South Africa reusing decommissioned supercomputer hardware to compete on the global stage
South African researchers are reusing decommissioned supercomputer hardware to bolster the country’s high-performance computing infrastructure.
An initiative led by the Council for Scientific and Industrial Research (CSIR) sees this retired research computing hardware used at the University of the Witwatersrand and at institutions across Africa.
In February, CSIR senior engineer and lead mentor at the High Performance Computing (HPC) Ecosystems Project, Samuel Mathekga, delivered previously decommissioned servers to the university.
These were HPC models designed to run on research-grade Dell M1000e servers, which Wits will use for artificial intelligence and other high-performance computing tasks.
Mathekga explained that the decommissioned hardware donated by the HPC Ecosystems Project comes from various sources.
“Some are from the Square Kilometre Array project, some are from in-house at the CSIR, and some are from other high-performance institutions across the world,” he said.
The Square Kilometre Array (SKA) project, an international effort to build the world’s largest and most sensitive radio telescope, has South Africa hosting one of its major telescopes.
While the SKA project did not directly provide any decommissioned hardware, the CSIR said it funded the redeployment of the supercomputer modules.

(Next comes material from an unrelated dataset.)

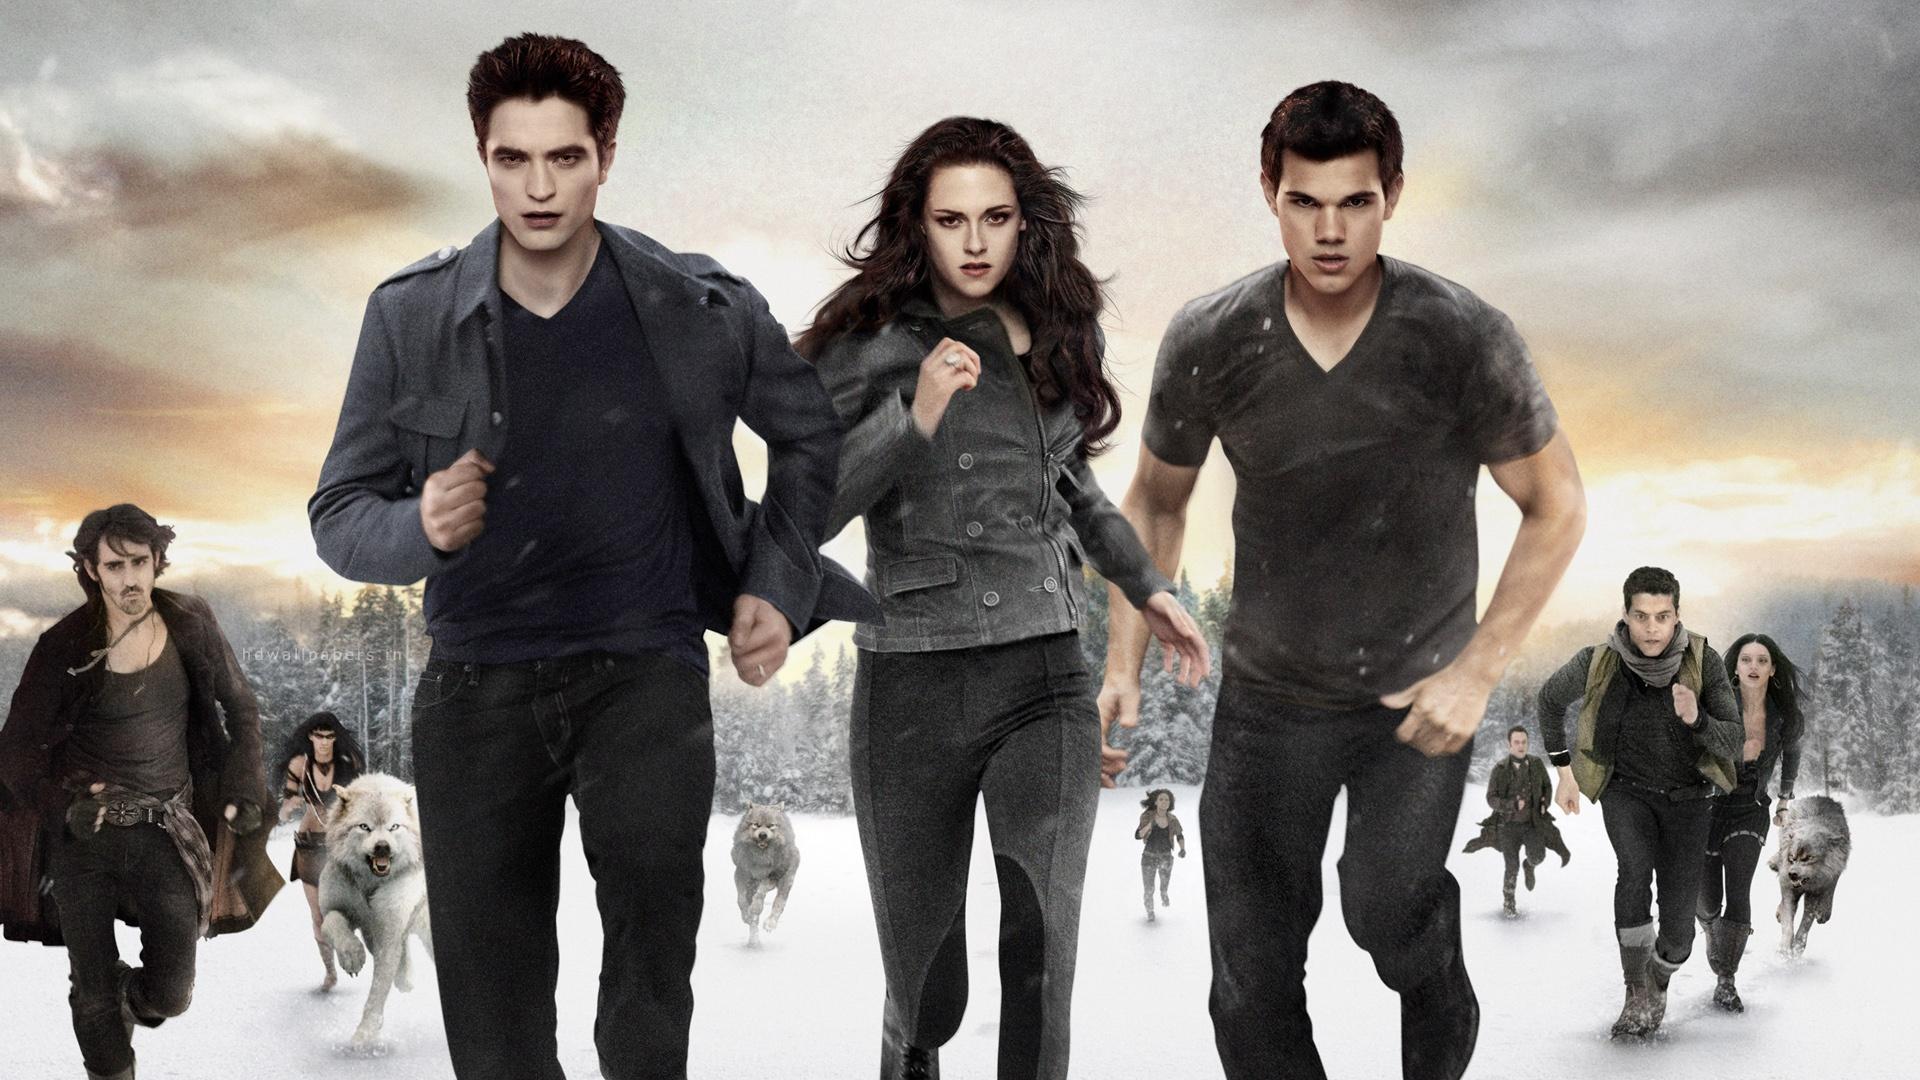 The Twilight Saga Breaking Dawn Part 2 HD Wallpapers   All HD 1920x1080

Wits is just one hub to which the HPC Ecosystems Project sent the decommissioned hardware, according to Project Lead and CSIR senior technologist Bryan Johnston.
“Over its first decade, the project redeployed 35 entry-level HPC systems across 11 African countries,” he said.
“It paired each installation with skills transfer through more than 30 formal training workshops for over 700 participants.”
Johnston explained that the result was a set of locally run HPC hubs across the continent, linked by a shared software and an active community of practice.
He said that the rollout strengthens regional cyberinfrastructure readiness and enables African teams to participate in data and compute-intensive research at a global level.
Decommissioned hardware allowed Wits to compete internationally

Student-led teams in African countries are using the HPC hardware to compete at an international level in global HPC competitions.
“They are an example of how, being provided with access to HPC, they’ve been able to fly and do their own thing. They’ve now built a pipeline of talent,” said Johnston.
At Wits, the HPC and Big Data Interest Group recently attended an international competition using the CSIR-provided hardware as its infrastructure backbone.
The student-led group used the hardware to run massively complex weather simulations, protein-folding problems, and fluid dynamics models.
“The protein folding example was exciting for me because it was the first time I saw my visualisation at one of these competitions,” said Wits student Kevin Ebrahim.
“It was very eye-opening to see all the work that went into just a simple video clip of the protein folding.”
Reinhard Jansen van Vuuren, a senior member of the Wits HPC group, said the team’s weather simulations were important for understanding climate change.
“In these simulations, you’re able to predict heatwaves, storms, rain, and different pressures in certain areas,” he said.
“All of these are then combined to provide not only visuals, but also data to predict natural disasters.”
He said that the collaboration with the CSIR and the HPC Ecosystems Project was the backbone of the group, and the reason Wits can do the teaching and competitions it can.
“The resources we have from them are what we use to teach, to train and to learn, and it allowed us to build a little ecosystem within Wits.”
Internationally, the HPC Ecosystems Project has evolved into a global ecosystem and has won international awards.
The project aimed to begin sending decommissioned HPC hardware to Angola and the Democratic Republic of Congo (DRC) after a need was identified there.
It has deployed infrastructure across the continent, including South Africa, Madagascar, Mauritius, Malawi, Lesotho, Eswatini, Botswana, Namibia, Zambia, and Kenya.